As such, the term security testing is very broad and it covers a number of overlapping concepts. We classify them as follows:

	White-box	Black-box
Static Application Security Testing	Code checking, Pattern matching, ASTs, CFGs, DFDs	Reverse engineering
Dynamic Application Security Testing	Tainting, Dynamic validation, Symbolic execution	Penetration testing, Reverse engineering, Behavioural analysis, Fuzzing

You should already be familiar with white/black-box testing, static testing and some of the mentioned techniques.

In this chapter, we specifically focus on how to use these techniques to find security vulnerabilities.

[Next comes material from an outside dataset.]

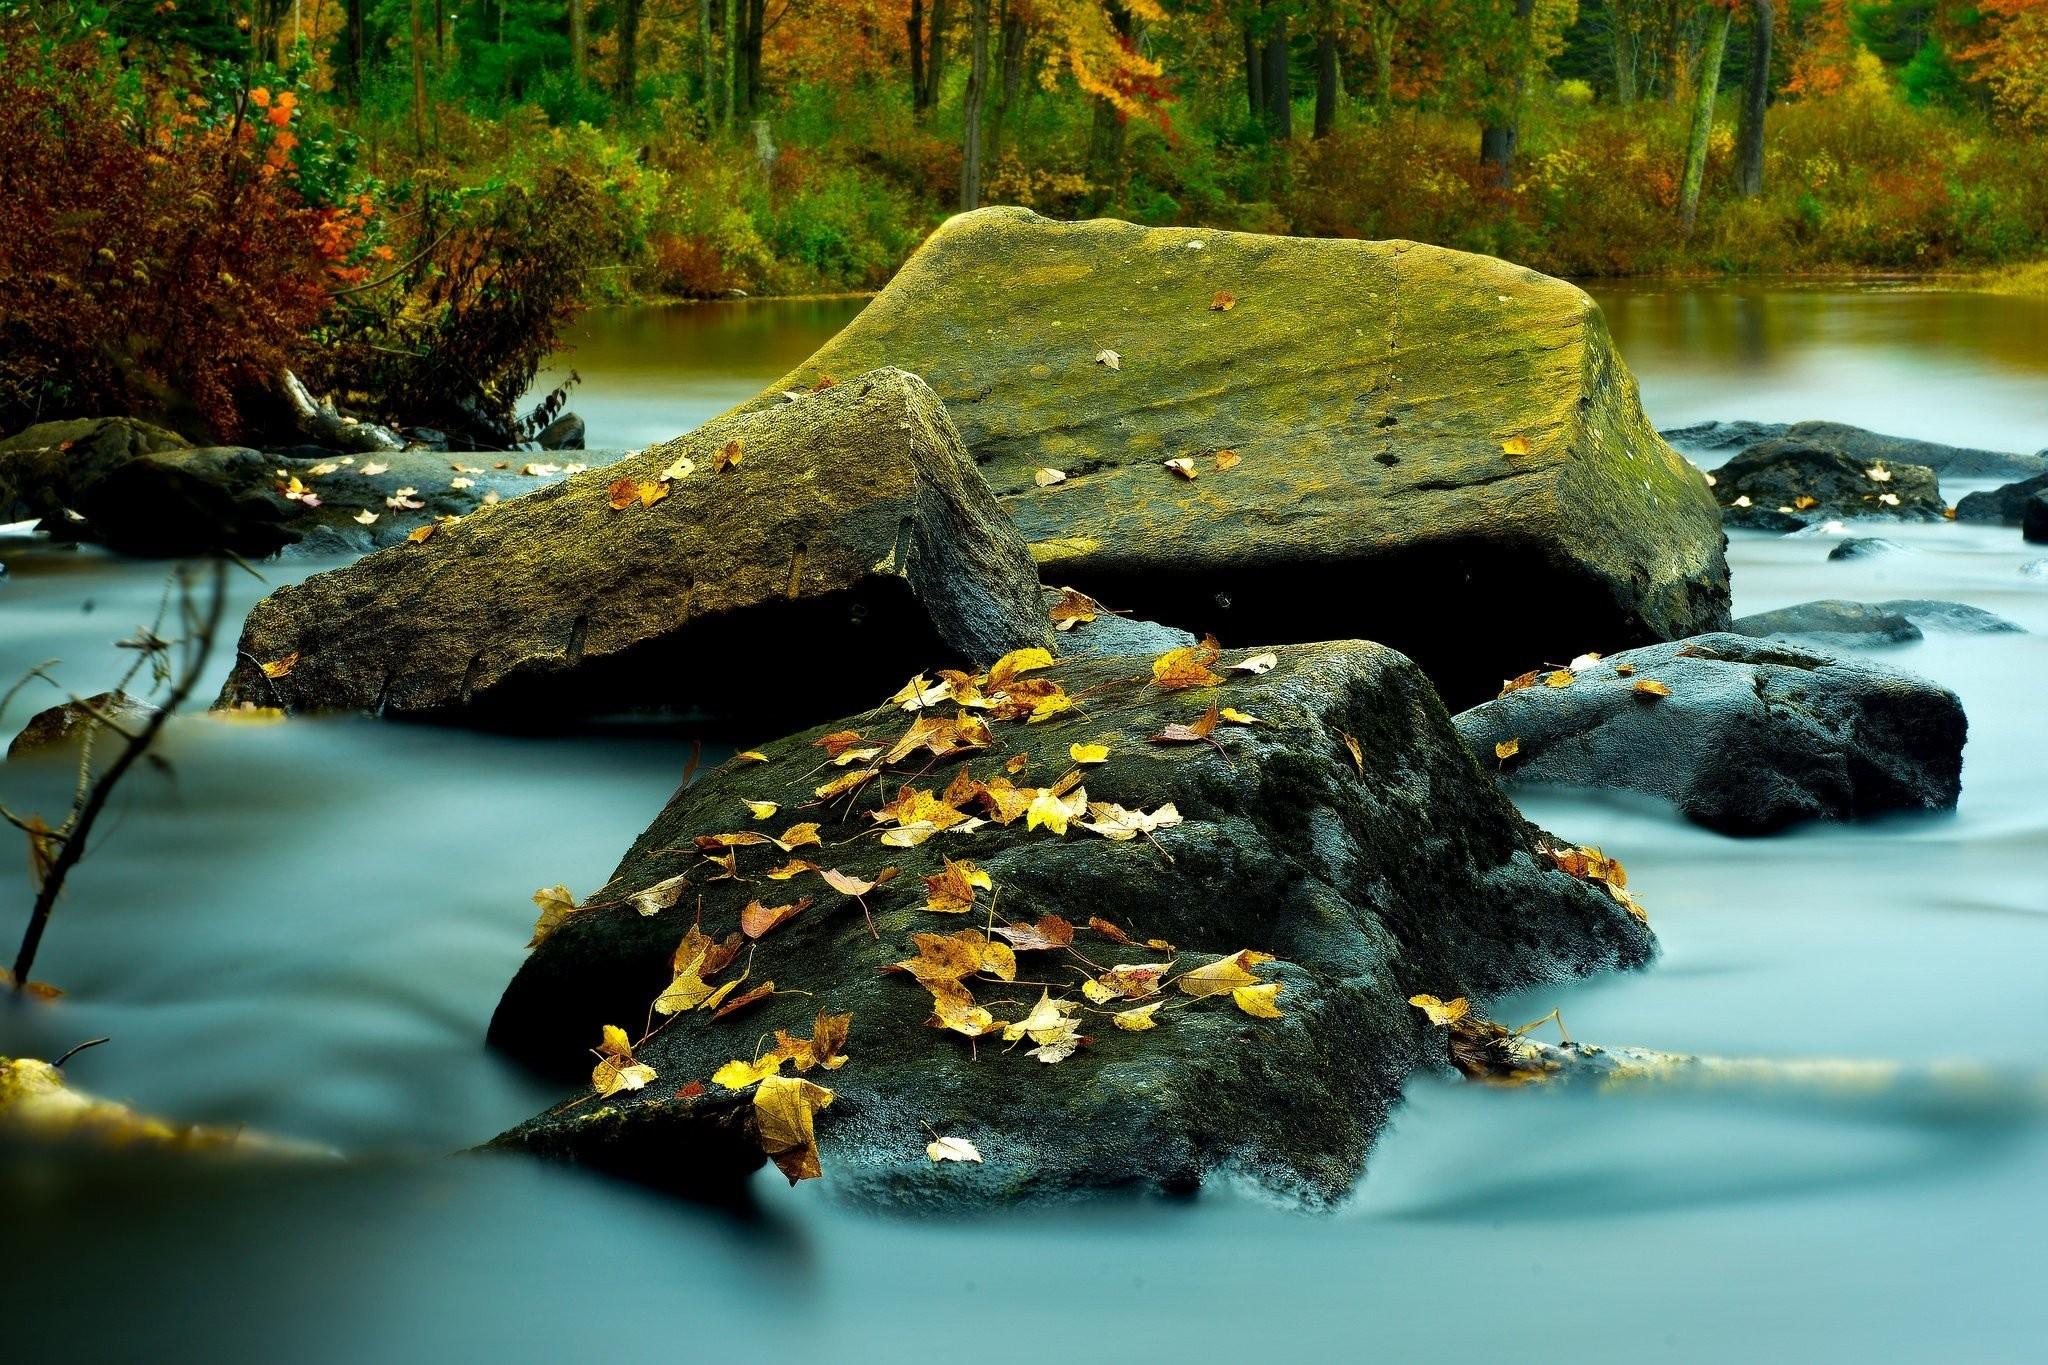 Amazing, Love, United, HD Landscape Image, River, States

In the context of automated security testing, static and dynamic analysis are called Static Application Security Testing (SAST) and Dynamic Application Security Testing (DAST), respectively. Before we dive into further explanation of SAST and DAST techniques, let's look at the assessment criteria for evaluating the quality of security testing techniques.

Quality assessment criteria

The quality of testing tools is evaluated in a number of ways. You have already learnt about code coverage in a previous chapter. Here, we discuss four new metrics that are often used in the context of security testing.

Designing an ideal testing tool requires striking a balance between two measures: (a) Soundness, and (b) Completeness. Soundness dictates that there should be no False Negatives (FN) — no vulnerability should be skipped. This implies that no alarm is raised IF there is no existing vulnerability in the System Under Test (SUT). Completeness dictates that there should be no False Positives (FP) — no false alarm should be raised. This implies that an alarm is raised IF a valid vulnerability is found.

Here, a 'positive' instance indicates a bug and a 'negative' instance indicates benign code. So, True Positives (TP) are actual bugs, and True Negatives (TN) are actual benign code snippets. Similarly, False Positives (FP) are false bugs (or false alarms), and False Negatives (FN) are bugs that weren't found (or missed bugs).

A perfect testing tool is both sound and complete. However, this is an undecidable problem — given finite time, the tool will always be wrong for some input. In reality, tools often compromise on either FPs or FNs.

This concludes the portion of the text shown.